Depicted is Edward Luytens’s Thiepval Memorial to the Missing of the Somme, dedicated by the Prince of Wales in 1932.

MORE: From the Telegraph: “Somme ‘Iron Harvest’ will take 500 years to clear, say bomb disposal experts on centenary of bloody battle”

Poppies

One Canadianism I cling to is the practice of wearing a poppy for Remembrance Day, November 11. (One starts wearing it c. November 1; it is generally gauche to wear it before this, although I made an exception this year.)

November 11, of course, is the day the Armistice went into effect ending hostilities in the First World War; it subsequently became the day to remember the war dead in the UK and Commonwealth (the US already had Memorial Day from the Civil War; November 11 became Veterans’ Day here). The reason why the poppy was chosen as a symbol of remembrance was on account of the poem “In Flanders Fields,” by Lt. Col. John McCrae, a native of Guelph, Ontario:

In Flanders fields the poppies blow
Between the crosses, row on row,
That mark our place; and in the sky
The larks, still bravely singing, fly
Scarce heard amid the guns below.

We are the Dead. Short days ago
We lived, felt dawn, saw sunset glow,
Loved and were loved, and now we lie
In Flanders fields

Take up our quarrel with the foe:
To you from failing hands we throw
The torch; be yours to hold it high.
If ye break faith with us who die
We shall not sleep, though poppies grow
In Flanders fields.

Although the “recruiting-poster rhetoric” (Paul Fussell) of the final stanza is discordant, the pastoral and elegiac tone of the first nine lines have ensured that this has remained one of the best-known poems of the First World War.

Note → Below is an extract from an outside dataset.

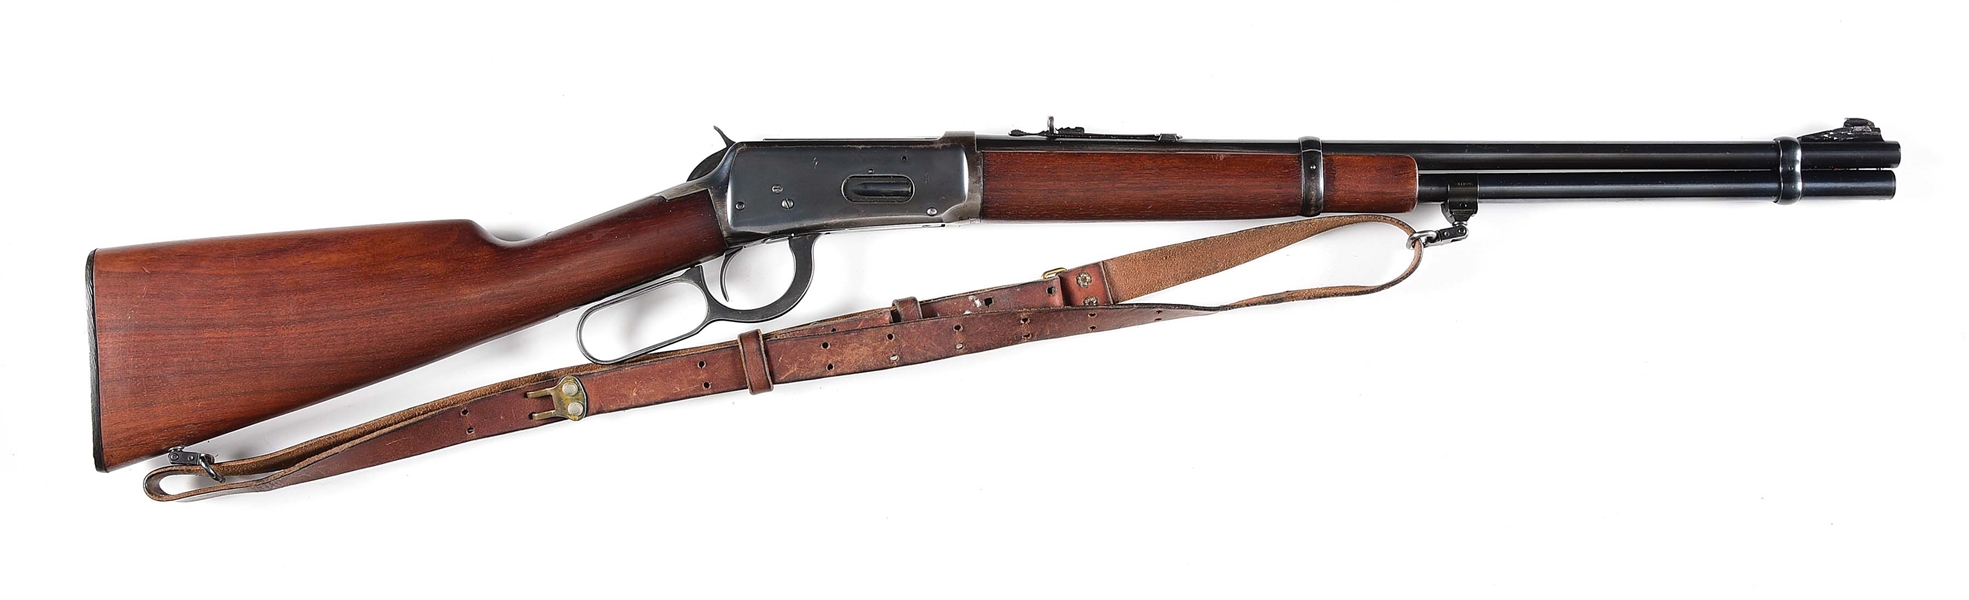 (C) WINCHESTER MODEL 1894 LEVER ACTION RIFLE (1950).

But if you think that the red poppy isn’t about memory so much as about enjoining you to be worthy of your ancestors, and going to war when the state tells you, you can always get a white poppy, whose message is supposed to be an unambiguous declaration that we remember the dead, and we don’t want to have to repeat their sacrifice. Let us never again commit such folly. (We didn’t have white poppies growing up; I discovered them the last time I was in London.)

Speaking of London, currently on display (but not for much longer) in the moat around the Tower is a great river of ceramic poppies symbolizing the war dead of the Great War, which broke out 100 years ago.